## What is required
Could you restate the entries below word for word and leave the images out?

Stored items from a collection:
================

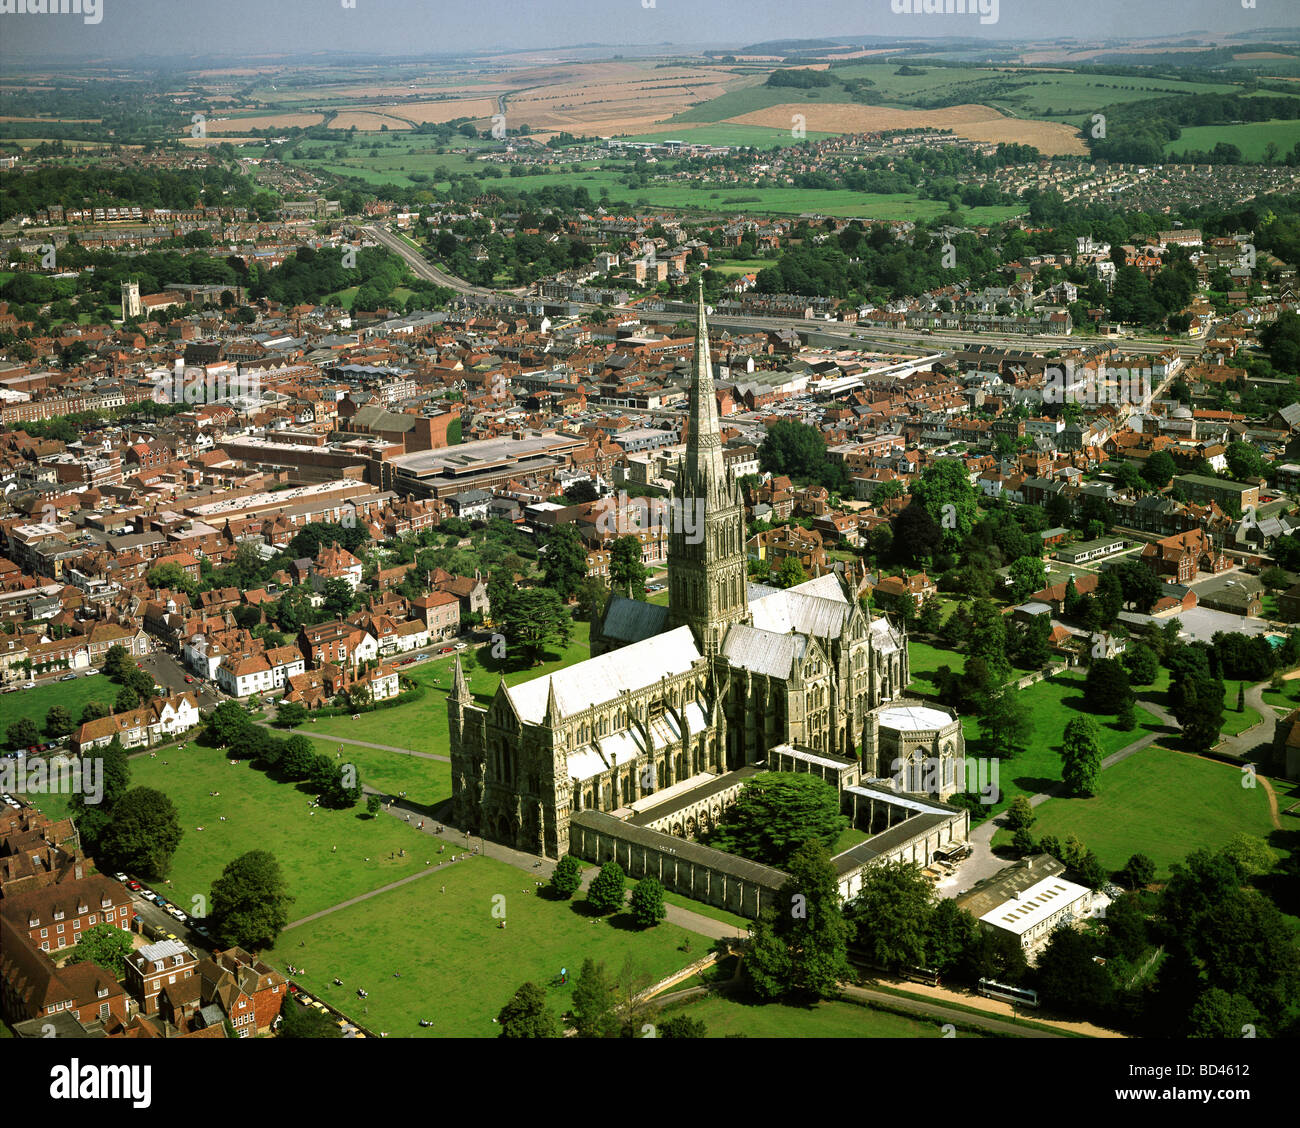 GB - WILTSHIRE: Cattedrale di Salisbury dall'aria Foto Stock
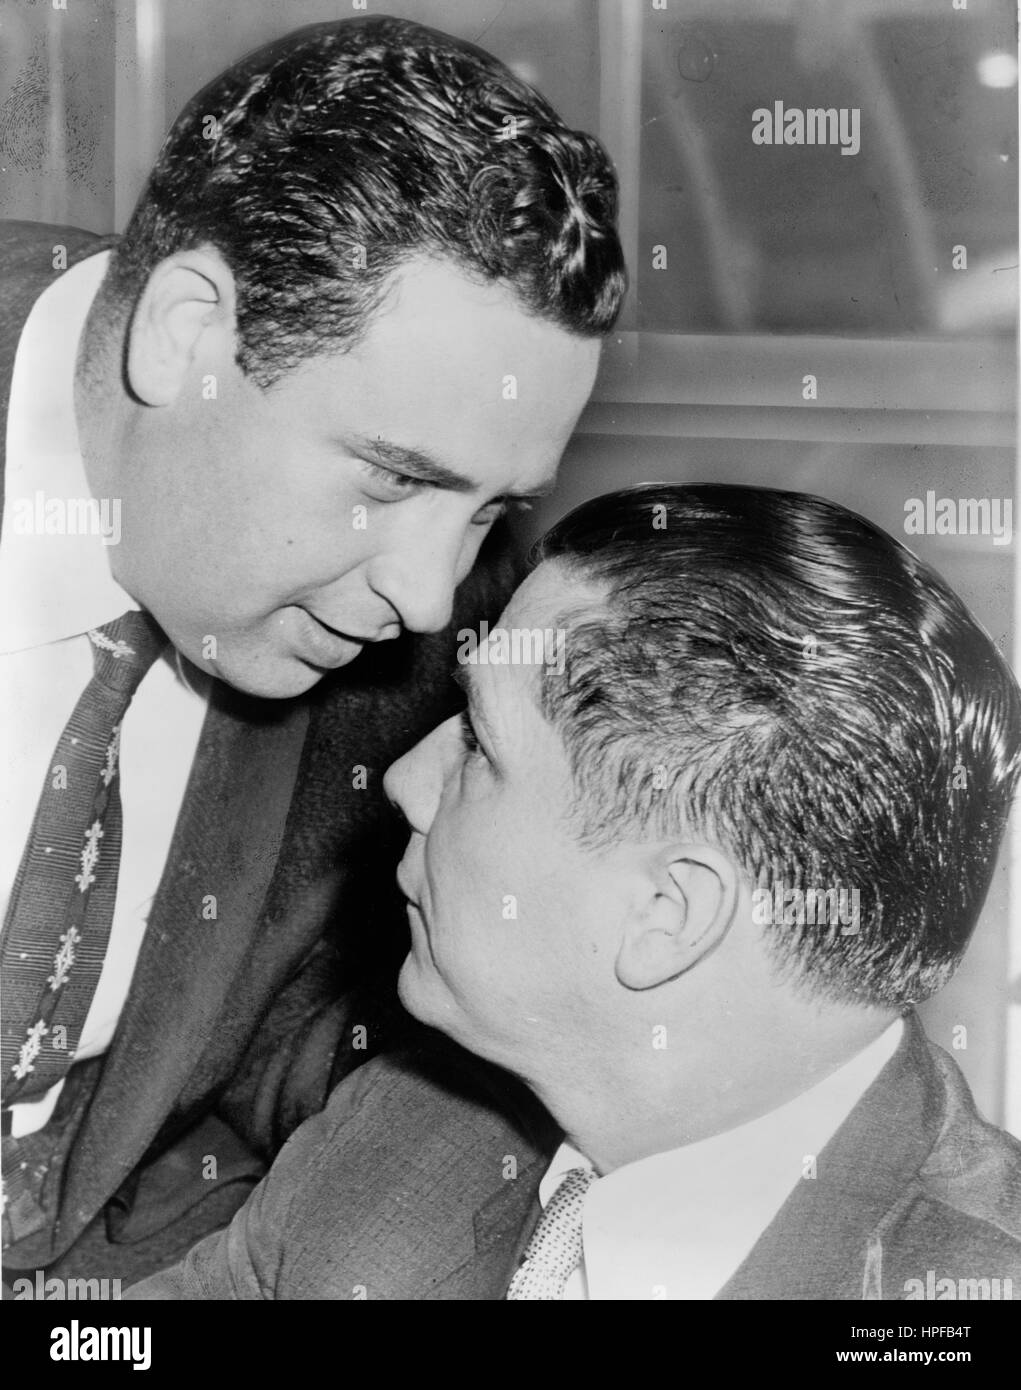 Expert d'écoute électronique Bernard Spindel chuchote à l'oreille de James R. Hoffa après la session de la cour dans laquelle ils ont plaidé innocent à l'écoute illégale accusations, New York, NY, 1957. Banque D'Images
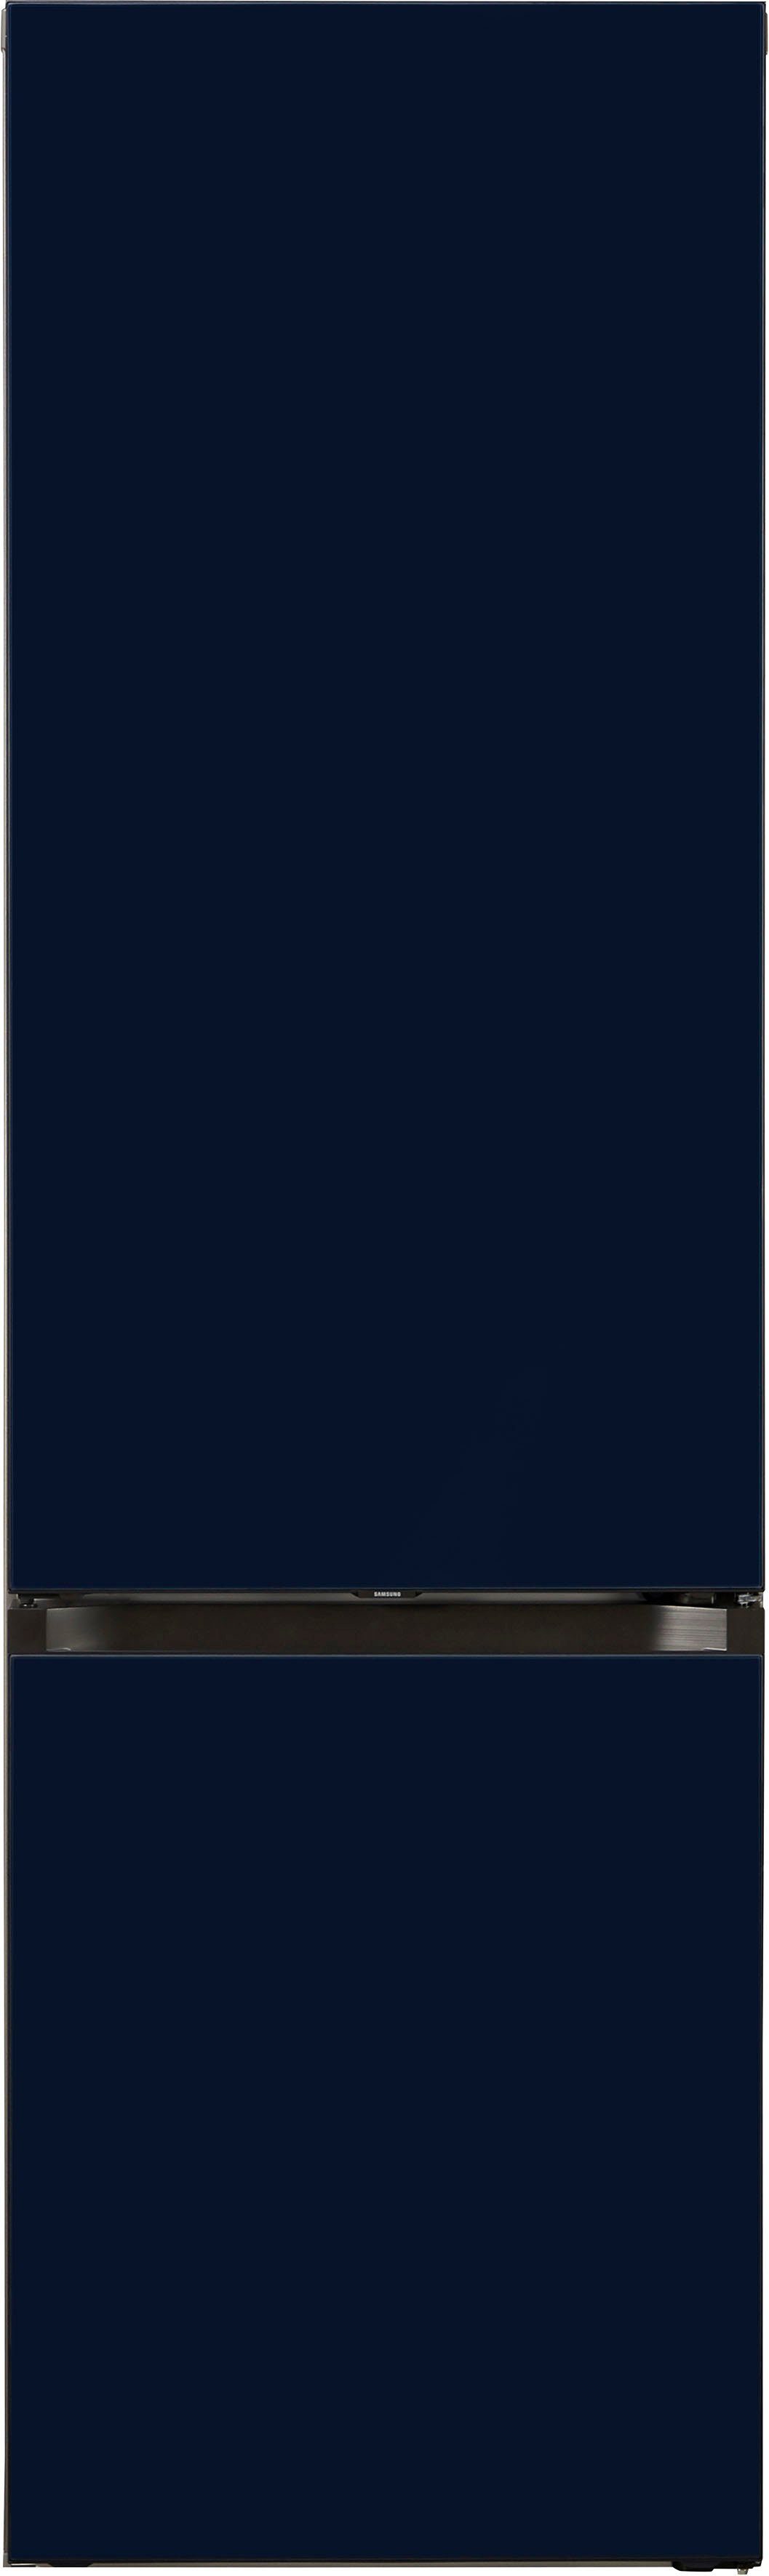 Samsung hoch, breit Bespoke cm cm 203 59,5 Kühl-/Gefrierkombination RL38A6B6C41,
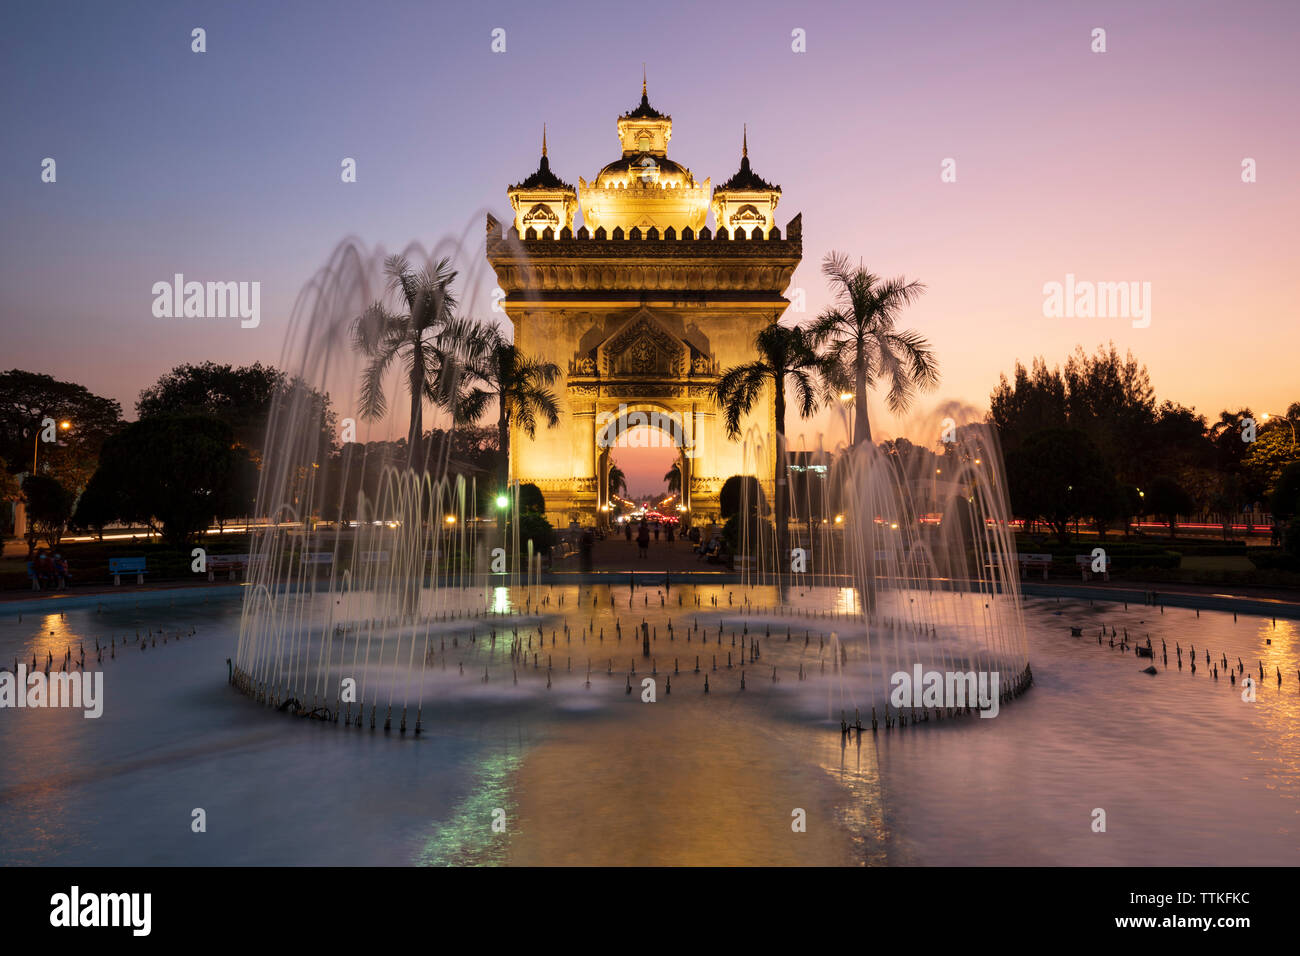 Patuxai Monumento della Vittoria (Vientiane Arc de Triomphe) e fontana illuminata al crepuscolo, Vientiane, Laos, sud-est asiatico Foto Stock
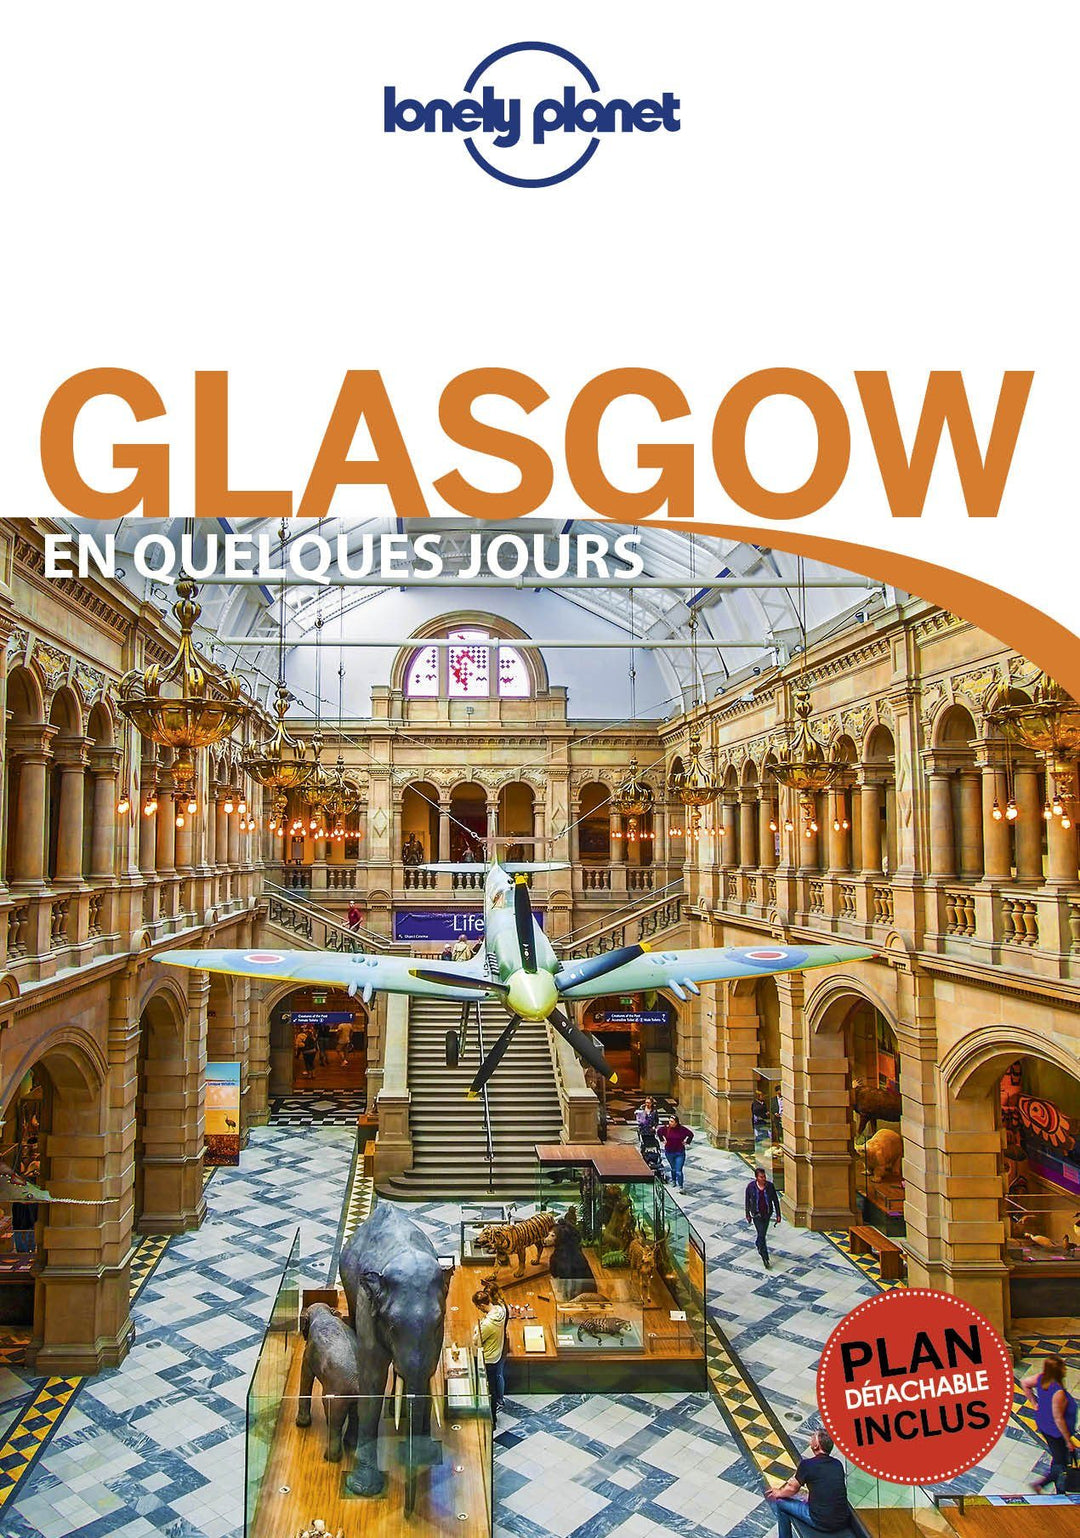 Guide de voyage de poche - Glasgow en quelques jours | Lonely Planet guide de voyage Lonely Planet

================

## Response area
 GB - WILTSHIRE: Cattedrale di Salisbury dall'aria Foto Stock
 Expert d'écoute électronique Bernard Spindel chuchote à l'oreille de James R. Hoffa après la session de la cour dans laquelle ils ont plaidé innocent à l'écoute illégale accusations, New York, NY, 1957. Banque D'Images
 Samsung hoch, breit Bespoke cm cm 203 59,5 Kühl-/Gefrierkombination RL38A6B6C41,
 Patuxai Monumento della Vittoria (Vientiane Arc de Triomphe) e fontana illuminata al crepuscolo, Vientiane, Laos, sud-est asiatico Foto Stock
 Guide de voyage de poche - Glasgow en quelques jours | Lonely Planet guide de voyage Lonely Planet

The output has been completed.